Residency informatics: increased specialization
The informatics education in Geisinger’s residency program begins with a refresh of the foundational informatics training from the medical school because most residents will come from other medical school programs. Residents who are already familiar with informatics can test out of these training webinars, Dr. Levy says, by successfully completing the assessments rather than rewatching the webinars.

A key difference between the medical school and residency informatics education is the specialty-specific training provided to residents. “The workflows that an internist uses are different from a gynecologist and different from a surgeon,” Dr. Levy says.

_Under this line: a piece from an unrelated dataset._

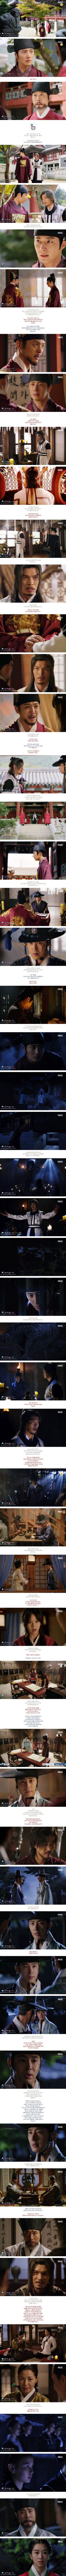 episode 13 captures for the Korean drama 'The Night Watchman's Journal'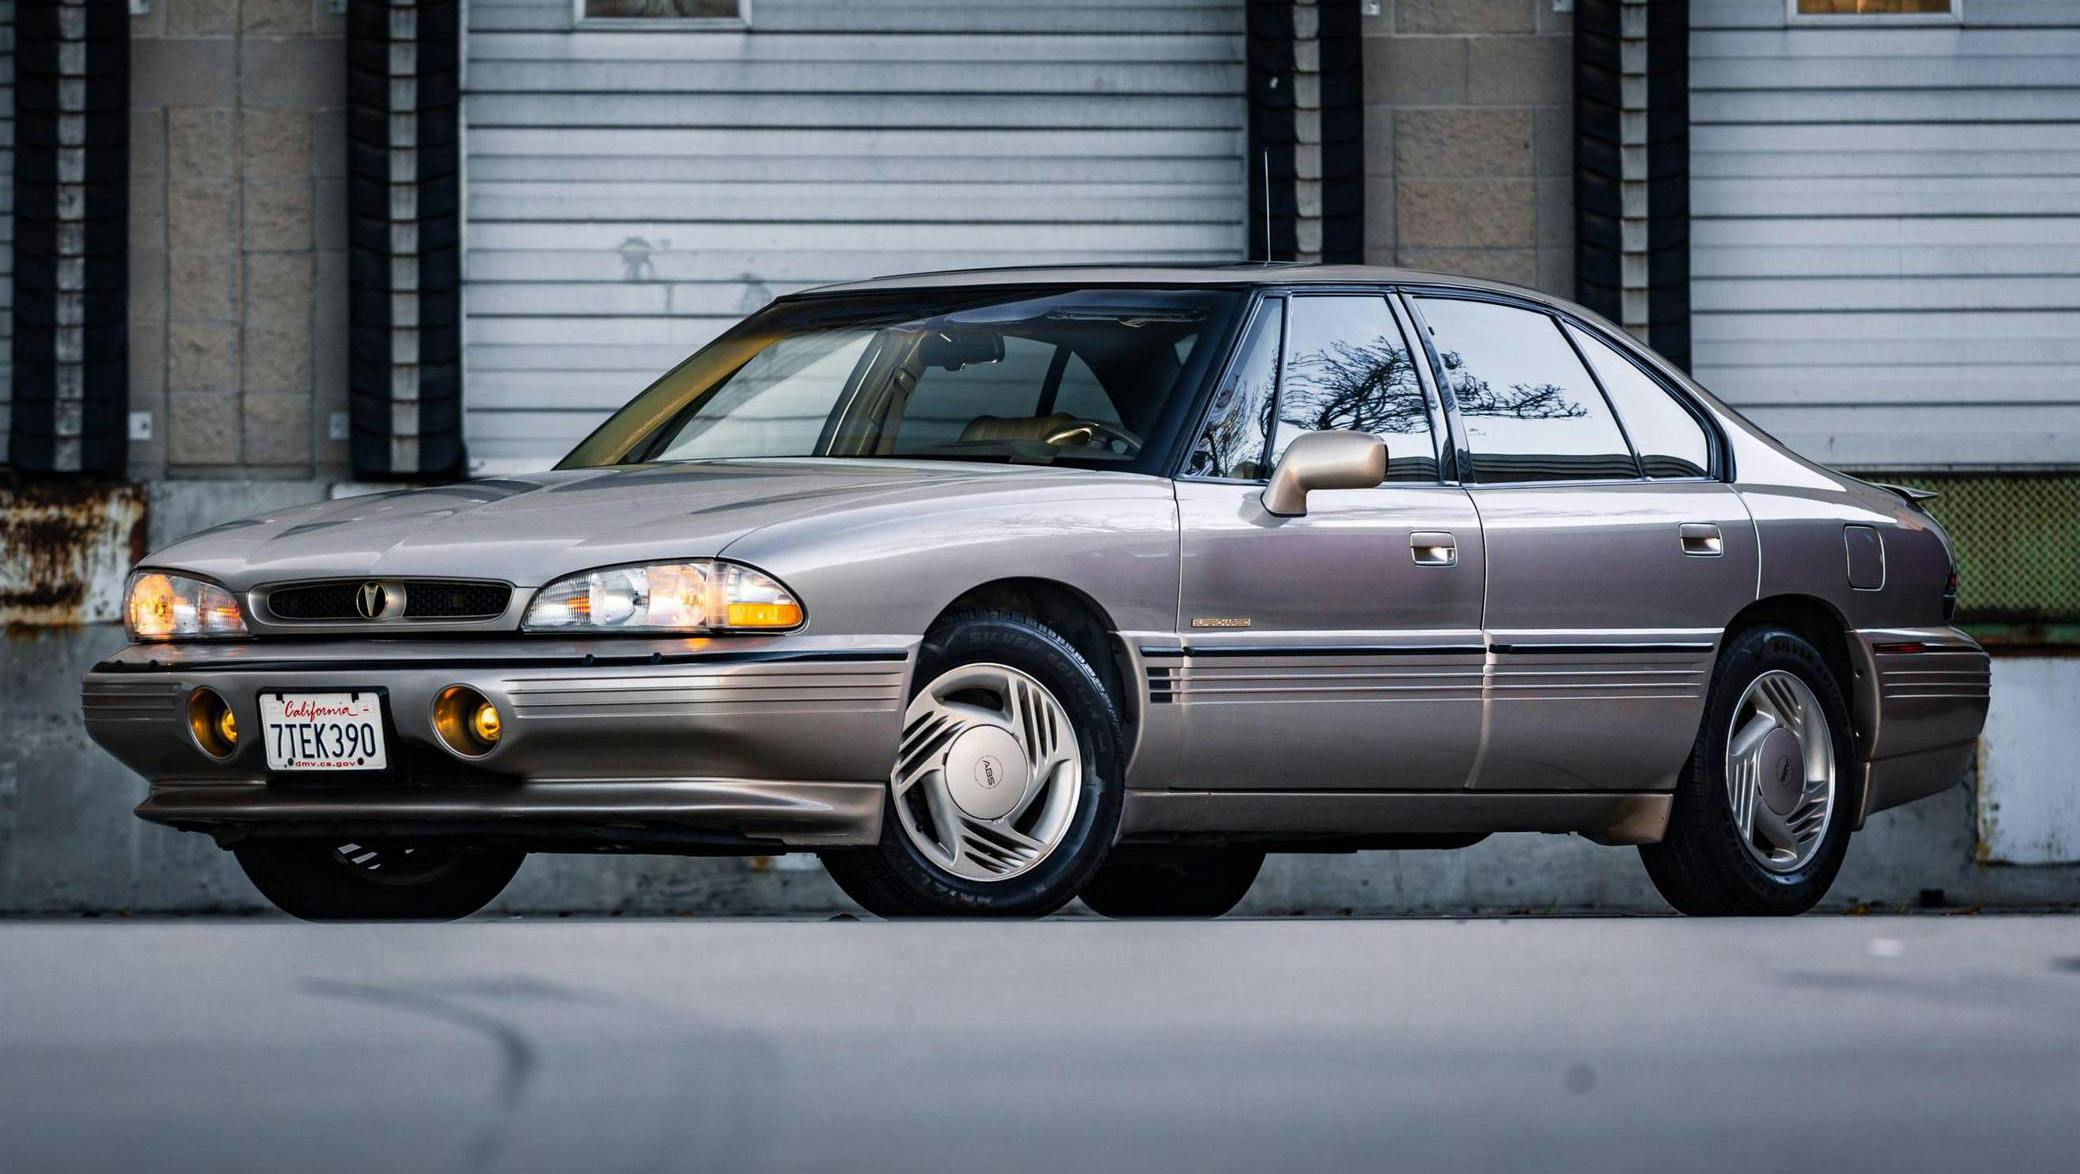 90s cars are hot, but not this honest American family car

“What we have learned as we build out our library of efficiency tools and tricks is that there are some that apply best to certain specialties because [those specialties] have certain areas they struggle with,” he explains. Therefore, Dr. Levy and his colleagues asked each department to share their insights into areas they find challenging in order to develop training focused on specialty-based workflow improvement. “It has been extremely, extremely effective,” he says.

Also beneficial is the process of familiarizing residents with Geisinger’s enterprise analytics hub, which resides on the health system’s intranet and houses approximately 500 analytics tools, including a variety of dashboards. Because Geisinger uses the Epic EHR, residents are trained to use Epic’s “slicer dicer” feature, for example, which makes it easier to pull data that meet specific criteria. These tools are useful as residents complete a research project focused on patient quality or patient safety that is an Accreditation Council for Graduate Medical Education requirement of residency programs, Dr. Levy says.